House Democrats were resolute — and loquacious — but were unable to derail the latest Republican move to significantly weaken federal labor unions.

After seemingly endless discussion Wednesday, the House Oversight and Government Reform Committee was poised to advance legislation designed to undermine “official time.” It permits union representatives to engage in certain actions while on the government’s payroll. Those actions, by the way, benefit not just union members, but all agency workers, agencies generally and ultimately taxpayers.

The committee meeting began at 10 a.m. and recessed just before 8 p.m., with time out for an afternoon subcommittee hearing on the Internal Revenue Service. Committee members, tired from a long day, planned to vote on Thursday.

Much of the day centered on Rep. Jody Hice’s (R-Ga.) bill that would prohibit labor leaders who spend at least 80 percent of their time on union-related activities from counting that time toward retirement. This backdoor approach would not directly kill official time, but the cut in compensation would strongly deter participation by union leaders, leaving official time seriously wounded.

Republicans have long targeted official time and their chances for success are better now than ever with President Trump in office. The Senate, however, would still have to pass the bill, where a Democratic filibuster could stop it.

Much of the protracted, albeit polite, committee debate focused on what is allowed under official time, with Democrats proposing several amendments designed to blunt the bill’s impact. They pushed the importance of official time to issues Republicans and Democrats hold dear, such as the protection of whistleblowers and service to veterans.

Hice, however, framed official time as “the American taxpayer is forced to subsidize federal employee unions.” He talked about feds picketing while on official time, though neither he nor his office provided any examples. Hice spoke about some Department of Veterans Affairs health care employees spending “all their time engaged in union business…they should not earn federal retirement benefits as though they had been executing the business of the agency.”

This argument ignores how official time advances agency business. For example, union representatives use official time to participate in the labor-management forums created by President Barack Obama’s 2009 executive order. The forums are designed to foster labor/management collaboration “to deliver the highest quality services to the American people.”

There was confusion among members over how the 80 percent would be calculated. One interpretation of the bill’s language indicates that labor leaders spending that portion of a workday discussing ways to deliver high quality service with management would not get any credit for that time toward retirement. Another section indicates this would not take effect until after 365 days of service, but then remain in effect indefinitely.

Talks about agency service levels go well beyond a narrow definition of “union business.” It’s also worth noting, as Democrats did repeatedly, that internal union business, like soliciting members or holding union meetings, is already excluded from official time.

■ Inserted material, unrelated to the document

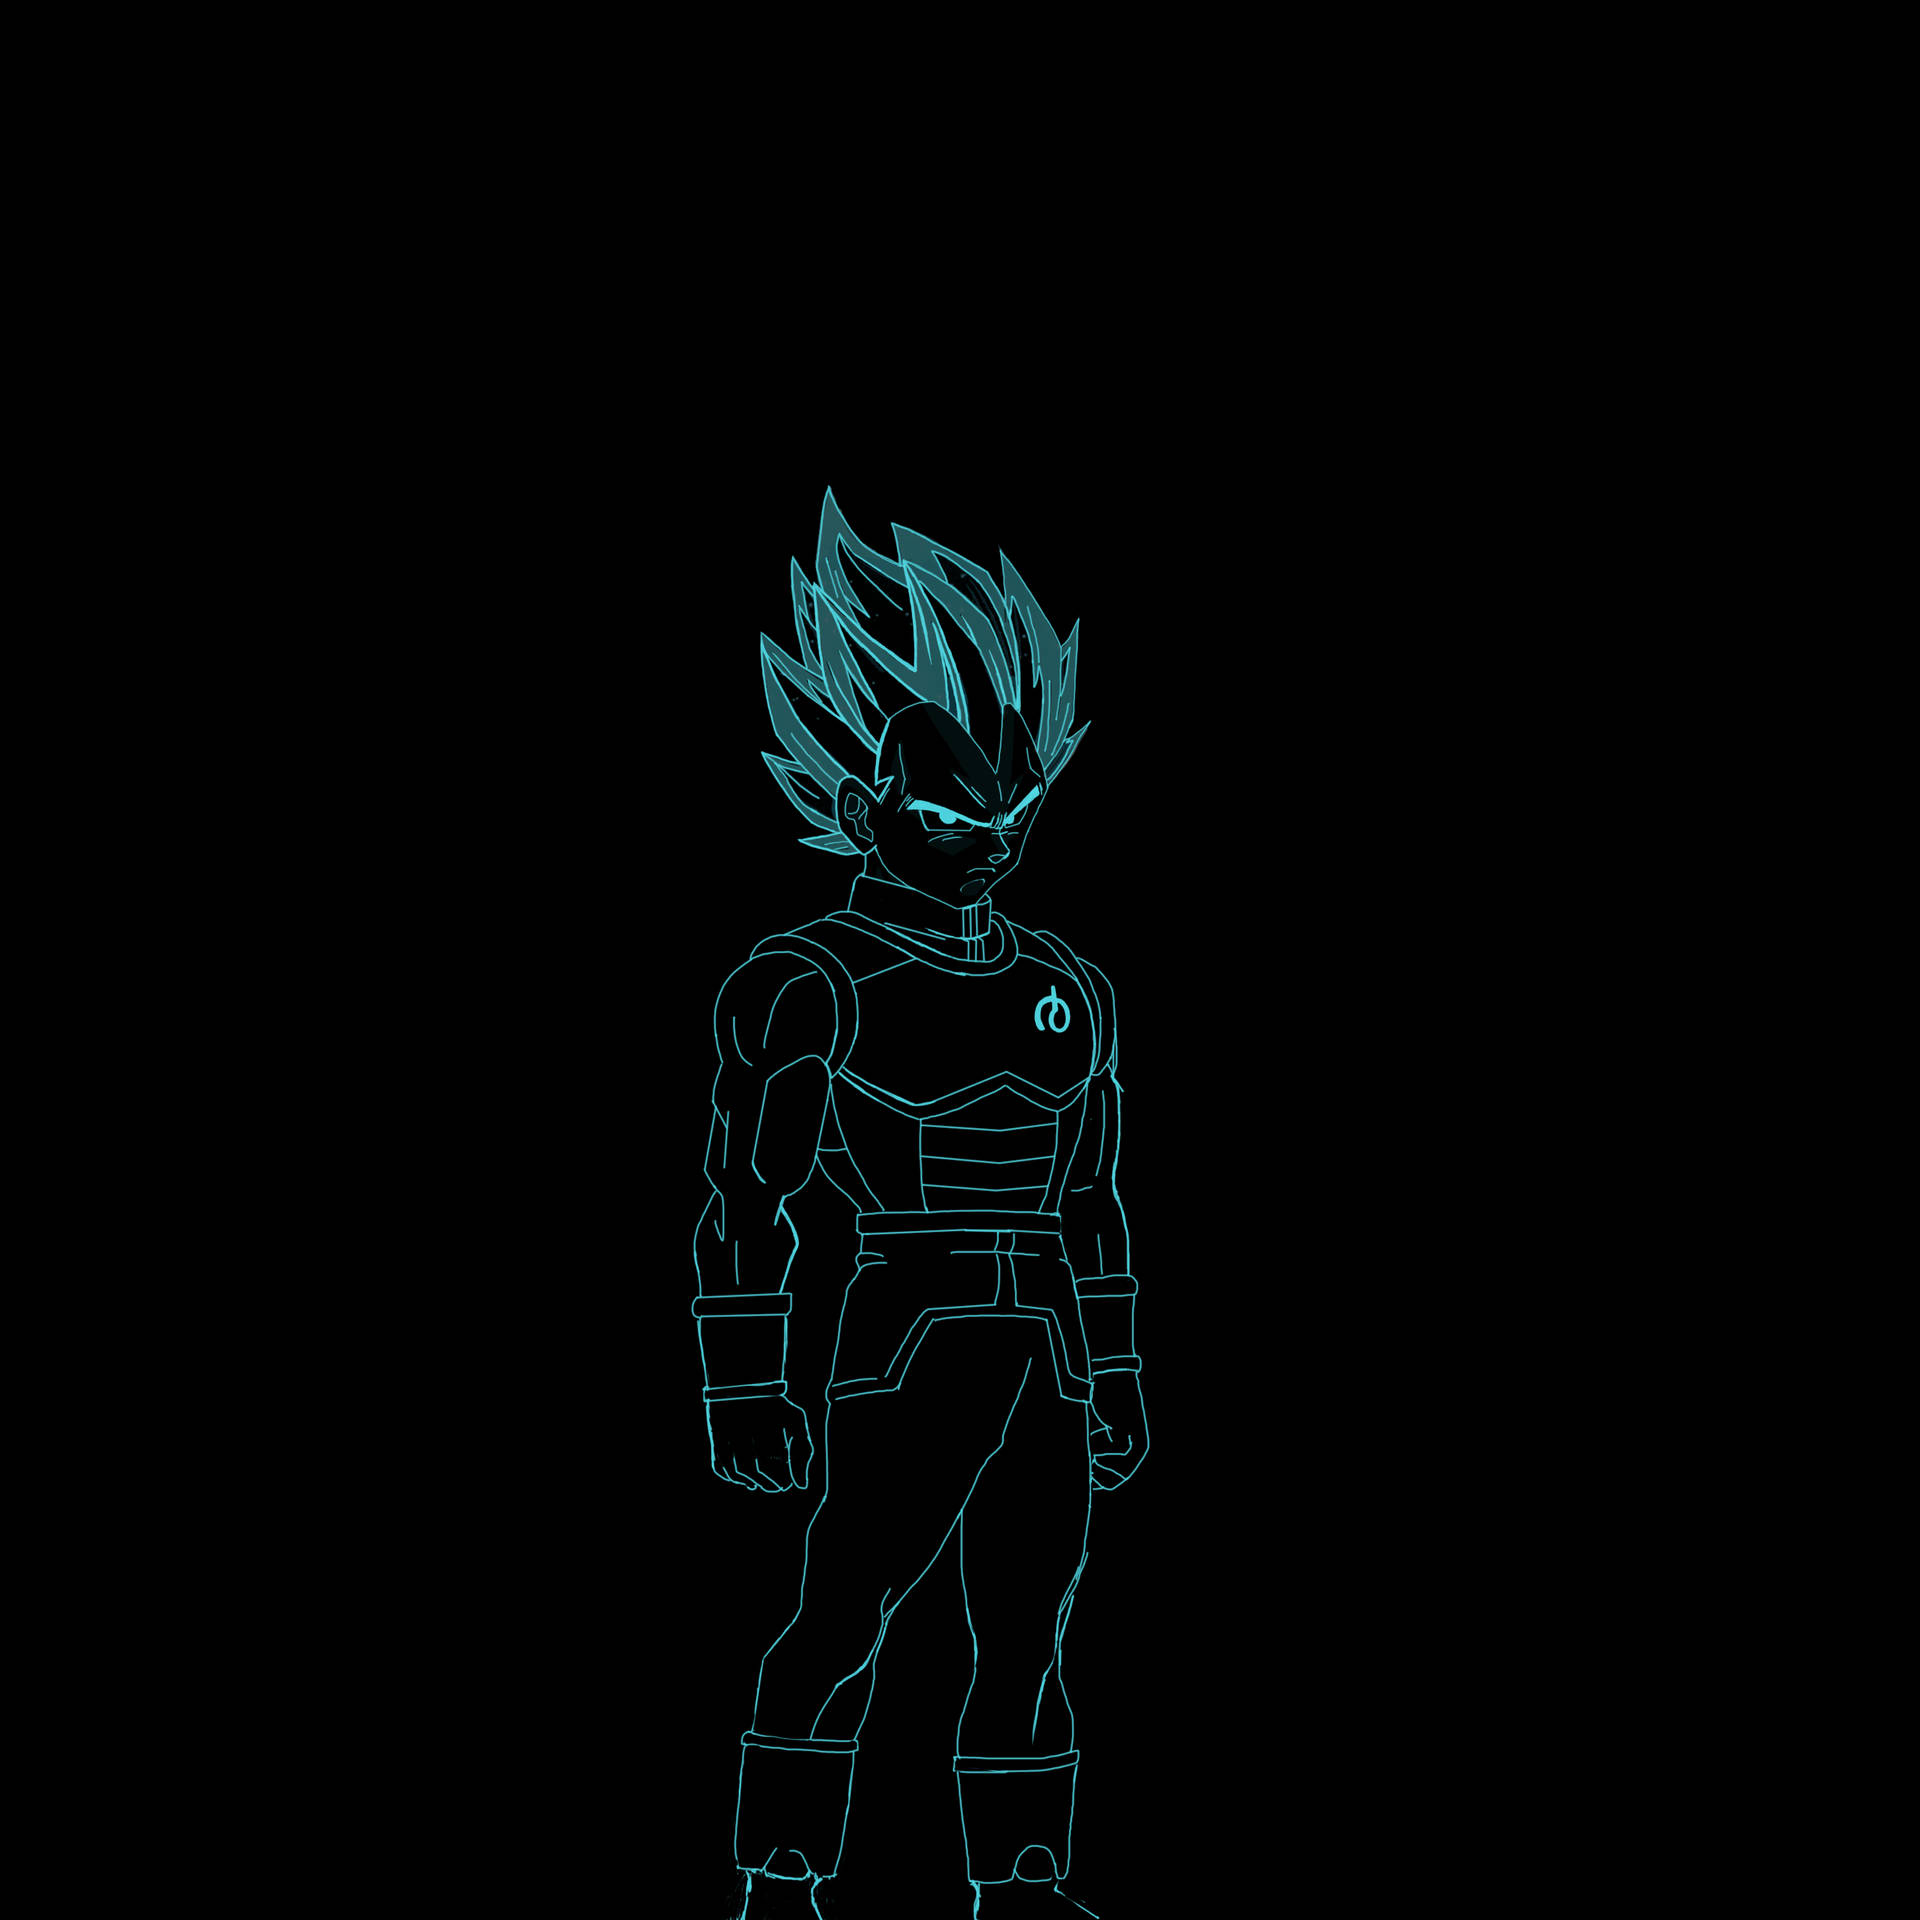 Uncover the powerful Dark Vegeta side of yourself Wallpaper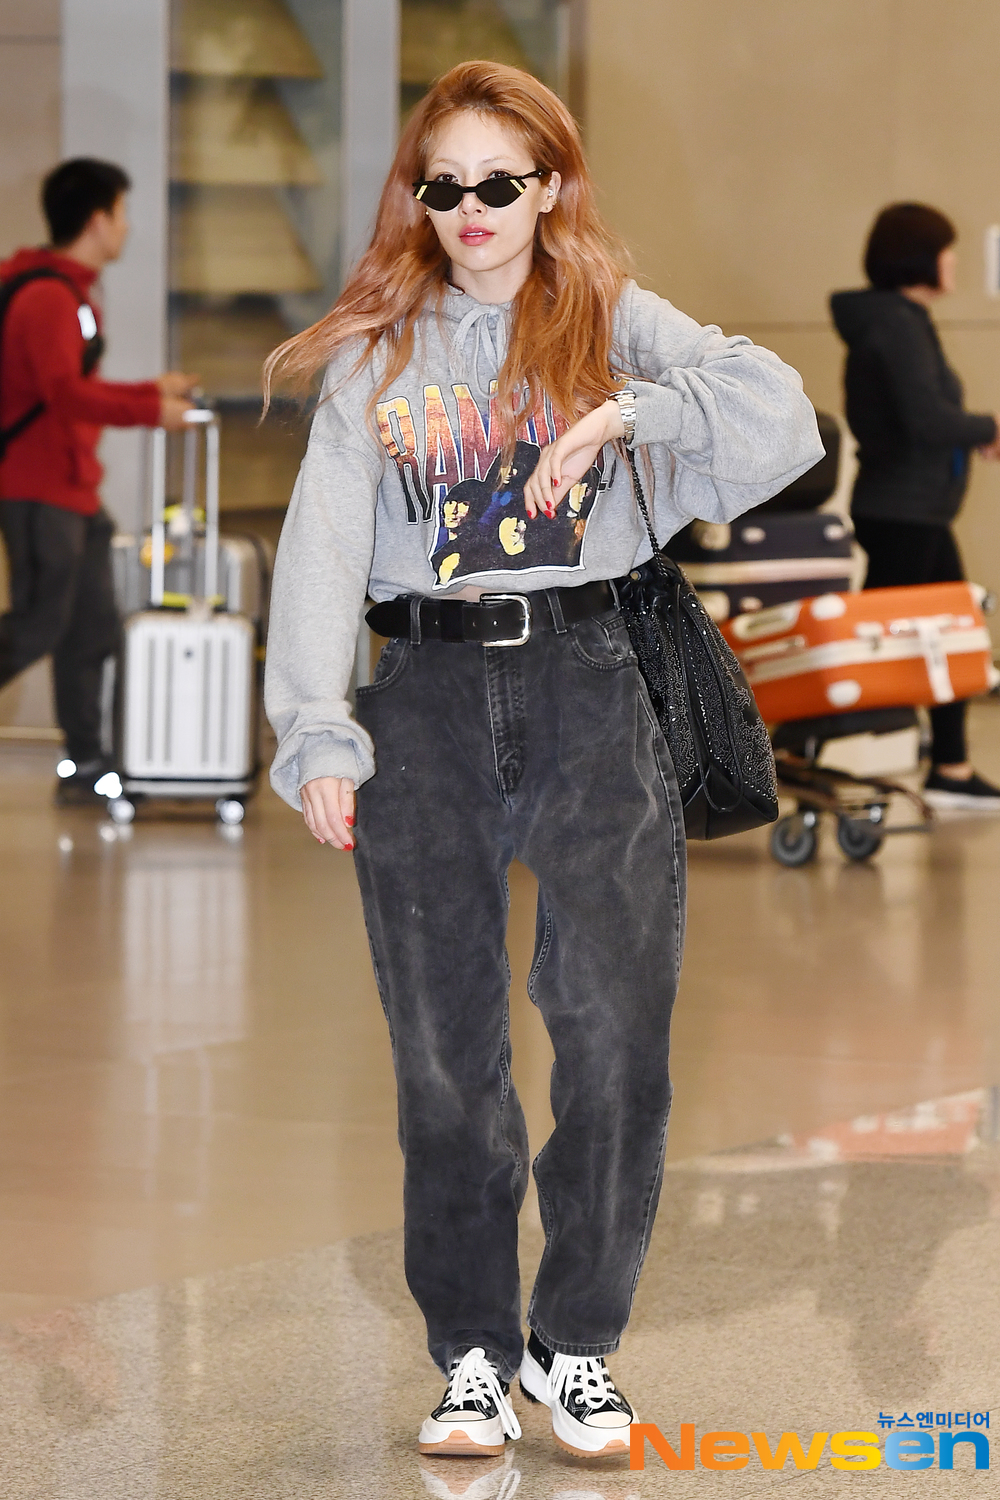 Singer Hyona (HyunA) arrived in the country after attending advertising shoots and events through the Incheon International Airport in Unseo-dong, Jung-gu, Incheon on the afternoon of April 16.Singer Hyona (HyunA) is entering the country with an airport fashion.exponential earthquake

But official time does cover working with whistleblowers and enhancing working conditions for veterans, two issues members of Congress like to promote. Democrats offered a long series of amendments that would exclude official time for those and other activities from the 80 percent rule in an attempt to defeat the impact of the legislation.

“I am certain that my colleagues do not intend to disadvantage whistleblowers,” Rep. Gerald E. Connolly (D-Va.) said in defense of his whistleblower amendment. “Unfortunately, the effect of their concerted attacks on unions and civil service protections would be to strip whistleblowers of their advocates in the workplace — their union.”

Outside allies rallied in support of the Democrats’ arguments. Union leaders have been in the forefront.

“Some Republicans in Congress are perpetuating lies about official time,” said Randy Erwin, president of the National Federation of Federal Employees. “They are purposely misleading people about what official time is. In particular, they are trying to convince folks that official time is used for internal union business and political activity, when it simply is not used for those purposes. Now they are trying to take away workers’ retirement security because they served as a Union representative. This legislation is vindictive and wrong.”

The Government Accountability Project, a whistleblower advocacy organization, voiced “concern over the threat to whistleblower rights” presented by Hice’s legislation in a letter to committee leaders. “Union stewards are essential foot soldiers on the front lines to act whistleblowing members’ anti-retaliation rights.”

The Leadership Conference on Civil and Human Rights also wrote in opposition. “The use of official time by union representatives continues to play a significant role in advancing the rights and interests of all workers in the workplace and making the federal government more efficient, effective, and responsive to the needs of its employees,” the Leadership Conference said. “But this legislation would ruthlessly strip away this critical tool, to the detriment of all workers, particularly women and people of color.”

There were plenty of good-sense arguments like these against the legislation, but they did not sway the majority Republicans.